Configuration reference¶
output_dir: capacity_search_output # Base output directory
start_value: 5.0 # Initial probe value
max_value: 100.0 # Maximum value to search
expansion_factor: 2.0 # Probe multiplier (default: 2.0)
max_iterations: 20 # Max total iterations
precision: 2 # Decimal precision for rate searches
benchmark_config:
# Full benchmark configuration
# See /config_reference/benchmark for all options
start_valueInitial value for probing. Choose a value likely to pass.
max_valueUpper bound for the search. Probing won’t exceed this.
expansion_factorHow aggressively to probe (2.0 = double each time).
precisionFor rate-based searches, how many decimal places to use. Set to 0 for integer concurrency searches.
Defining SLOs¶
SLOs determine pass/fail for each iteration. Define them in the evaluator:
evaluators:
- type: performance
slos:
- name: "P99 TTFC under 500ms"
metric: ttfc
percentile: 0.99
value: 0.5 # 500ms in seconds
type: constant
- name: "P99 TBC under 50ms"
metric: tbc
percentile: 0.99
value: 0.05
- name: "P95 E2E under 10s"
metric: e2e
percentile: 0.95
value: 10.0
Available metrics:
ttfc: Time to first chunk/tokentbc: Time between chunkstpot: Time per output tokene2e: End-to-end latency
An iteration passes only if all SLOs are met.
Output structure¶
capacity_search_output/
└── 08:01:2026-17:25:35-b0fc8e1d/
├── config.yml # Search configuration
├── capacity_search_results.json # Final results
└── runs/ # Individual benchmark runs
├── 08:01:2026-17:25:35-f24d1805/
│ ├── config.yml
│ ├── metrics/
│ └── ...
└── 08:01:2026-17:25:50-4ea72acb/
└── ...
capacity_search_results.json contains the search outcome:
{
"traffic_scheduler_type": "concurrent",
"searched_knob": "traffic_scheduler.target_concurrent_sessions",
"best_value": 20.0,
"best_run_dir": "capacity_search_output/.../runs/...",
"history": [
{
"value": 10.0,
"all_slos_met": true,
"run_dir": ".../runs/08:01:2026-17:25:35-f24d1805",
"slo_results": { ... }
},
{
"value": 20.0,
"all_slos_met": true,
"run_dir": ".../runs/08:01:2026-17:25:50-4ea72acb",
"slo_results": { ... }
}
]
}
WandB integration¶
Enable WandB to track all iterations and get a summary run:
benchmark_config:
wandb:
enabled: true
project: veeksha
group: cap-search-llama-8b
The summary run includes:
Final capacity value
All iterations plotted
Comparison table
“BEST_CONFIG” tag on the optimal run
Example: Production capacity planning¶
Find the maximum rate for a latency-sensitive deployment:
output_dir: capacity_search_prod
start_value: 10.0
max_value: 500.0
expansion_factor: 2.0
max_iterations: 15
precision: 1
benchmark_config:
traffic_scheduler:
type: rate
interval_generator:
type: poisson
session_generator:
type: trace
trace_file: production_traffic.jsonl
flavor:
type: timed_synthetic_session
client:
type: openai_chat_completions
api_base: http://prod-server:8000/v1
model: meta-llama/Llama-3-70B-Instruct
runtime:
benchmark_timeout: 120
max_sessions: -1
evaluators:
- type: performance
slos:
- name: "P99 TTFT < 2s"
metric: ttfc
percentile: 0.99
value: 2.0
- name: "P50 TBC < 30ms"
metric: tbc
percentile: 0.50
value: 0.03
This uses real production traces and strict SLOs for accurate capacity planning.

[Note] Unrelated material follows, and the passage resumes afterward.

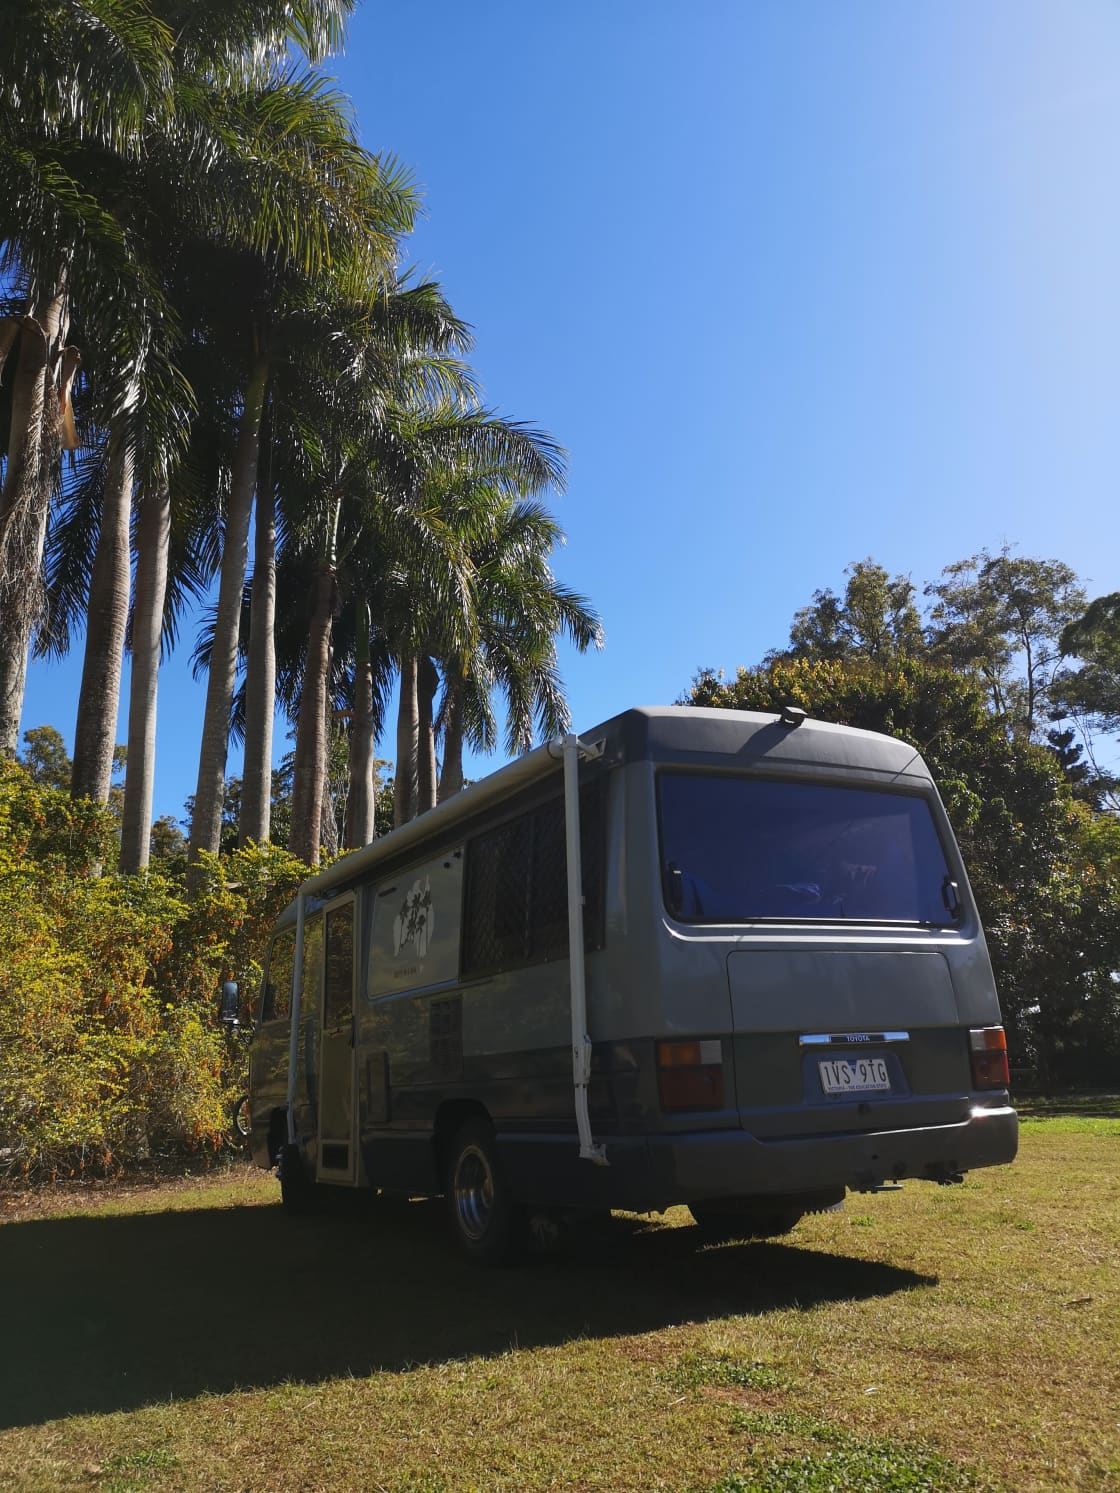 Parked up by the palms

Example: Concurrency capacity search¶
Find the maximum concurrency for throughput-oriented deployments:
# capacity_concurrent.veeksha.yml
output_dir: capacity_search_output
start_value: 4
max_value: 128
expansion_factor: 2.0
max_iterations: 15
precision: 0 # Integer concurrency values
benchmark_config:
traffic_scheduler:
type: concurrent
# target_concurrent_sessions set by capacity search
cancel_session_on_failure: false
session_generator:
type: synthetic
session_graph:
type: single_request
channels:
- type: text
body_length_generator:
type: fixed
value: 512
output_spec:
text:
output_length_generator:
type: fixed
value: 256
client:
type: openai_chat_completions
api_base: http://localhost:8000/v1
model: meta-llama/Llama-3-8B-Instruct
runtime:
benchmark_timeout: 60
max_sessions: -1
evaluators:
- type: performance
slos:
- name: "P99 TTFC < 5s"
metric: ttfc
percentile: 0.99
value: 5.0
type: constant
- name: "P99 TBC < 100ms"
metric: tbc
percentile: 0.99
value: 0.1
type: constant
uvx veeksha capacity-search --config capacity_concurrent.veeksha.yml
Tip
Use precision: 0 for concurrency searches (integer values) and
precision: 2 for rate searches (fractional rates).